(Collection entries)
BEGIN

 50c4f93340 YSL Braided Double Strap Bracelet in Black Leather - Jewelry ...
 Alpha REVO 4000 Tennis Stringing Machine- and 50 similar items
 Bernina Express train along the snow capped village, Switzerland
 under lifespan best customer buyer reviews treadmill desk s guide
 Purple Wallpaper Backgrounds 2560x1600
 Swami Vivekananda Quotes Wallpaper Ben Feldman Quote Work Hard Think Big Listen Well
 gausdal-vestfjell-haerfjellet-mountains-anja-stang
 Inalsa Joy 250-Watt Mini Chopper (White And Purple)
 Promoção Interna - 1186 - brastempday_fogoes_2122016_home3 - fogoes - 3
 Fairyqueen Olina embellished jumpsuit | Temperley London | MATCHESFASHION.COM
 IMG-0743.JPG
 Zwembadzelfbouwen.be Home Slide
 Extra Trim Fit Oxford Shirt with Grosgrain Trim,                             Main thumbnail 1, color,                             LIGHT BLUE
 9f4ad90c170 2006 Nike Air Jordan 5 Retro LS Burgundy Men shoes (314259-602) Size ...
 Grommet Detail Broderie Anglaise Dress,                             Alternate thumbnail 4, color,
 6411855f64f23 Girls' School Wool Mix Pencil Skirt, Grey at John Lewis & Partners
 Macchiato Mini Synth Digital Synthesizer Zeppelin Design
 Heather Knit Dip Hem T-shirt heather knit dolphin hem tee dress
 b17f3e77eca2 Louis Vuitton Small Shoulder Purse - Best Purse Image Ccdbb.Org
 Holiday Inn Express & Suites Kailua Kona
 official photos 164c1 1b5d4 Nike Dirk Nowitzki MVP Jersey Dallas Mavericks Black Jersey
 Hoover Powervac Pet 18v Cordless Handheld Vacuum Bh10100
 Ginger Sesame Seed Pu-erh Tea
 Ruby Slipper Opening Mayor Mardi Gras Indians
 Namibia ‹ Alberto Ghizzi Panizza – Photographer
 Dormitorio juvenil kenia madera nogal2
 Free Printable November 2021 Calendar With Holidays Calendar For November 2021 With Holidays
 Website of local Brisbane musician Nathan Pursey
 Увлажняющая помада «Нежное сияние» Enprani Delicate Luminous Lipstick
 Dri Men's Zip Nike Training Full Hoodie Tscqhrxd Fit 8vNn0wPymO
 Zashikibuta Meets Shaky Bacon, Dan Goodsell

END

● TASK DIRECTIONS
Precisely as given, transcribe all of the entries above.

● EXERCISE RESULT
 50c4f93340 YSL Braided Double Strap Bracelet in Black Leather - Jewelry ...
 Alpha REVO 4000 Tennis Stringing Machine- and 50 similar items
 Bernina Express train along the snow capped village, Switzerland
 under lifespan best customer buyer reviews treadmill desk s guide
 Purple Wallpaper Backgrounds 2560x1600
 Swami Vivekananda Quotes Wallpaper Ben Feldman Quote Work Hard Think Big Listen Well
 gausdal-vestfjell-haerfjellet-mountains-anja-stang
 Inalsa Joy 250-Watt Mini Chopper (White And Purple)
 Promoção Interna - 1186 - brastempday_fogoes_2122016_home3 - fogoes - 3
 Fairyqueen Olina embellished jumpsuit | Temperley London | MATCHESFASHION.COM
 IMG-0743.JPG
 Zwembadzelfbouwen.be Home Slide
 Extra Trim Fit Oxford Shirt with Grosgrain Trim,                             Main thumbnail 1, color,                             LIGHT BLUE
 9f4ad90c170 2006 Nike Air Jordan 5 Retro LS Burgundy Men shoes (314259-602) Size ...
 Grommet Detail Broderie Anglaise Dress,                             Alternate thumbnail 4, color,
 6411855f64f23 Girls' School Wool Mix Pencil Skirt, Grey at John Lewis & Partners
 Macchiato Mini Synth Digital Synthesizer Zeppelin Design
 Heather Knit Dip Hem T-shirt heather knit dolphin hem tee dress
 b17f3e77eca2 Louis Vuitton Small Shoulder Purse - Best Purse Image Ccdbb.Org
 Holiday Inn Express & Suites Kailua Kona
 official photos 164c1 1b5d4 Nike Dirk Nowitzki MVP Jersey Dallas Mavericks Black Jersey
 Hoover Powervac Pet 18v Cordless Handheld Vacuum Bh10100
 Ginger Sesame Seed Pu-erh Tea
 Ruby Slipper Opening Mayor Mardi Gras Indians
 Namibia ‹ Alberto Ghizzi Panizza – Photographer
 Dormitorio juvenil kenia madera nogal2
 Free Printable November 2021 Calendar With Holidays Calendar For November 2021 With Holidays
 Website of local Brisbane musician Nathan Pursey
 Увлажняющая помада «Нежное сияние» Enprani Delicate Luminous Lipstick
 Dri Men's Zip Nike Training Full Hoodie Tscqhrxd Fit 8vNn0wPymO
 Zashikibuta Meets Shaky Bacon, Dan Goodsell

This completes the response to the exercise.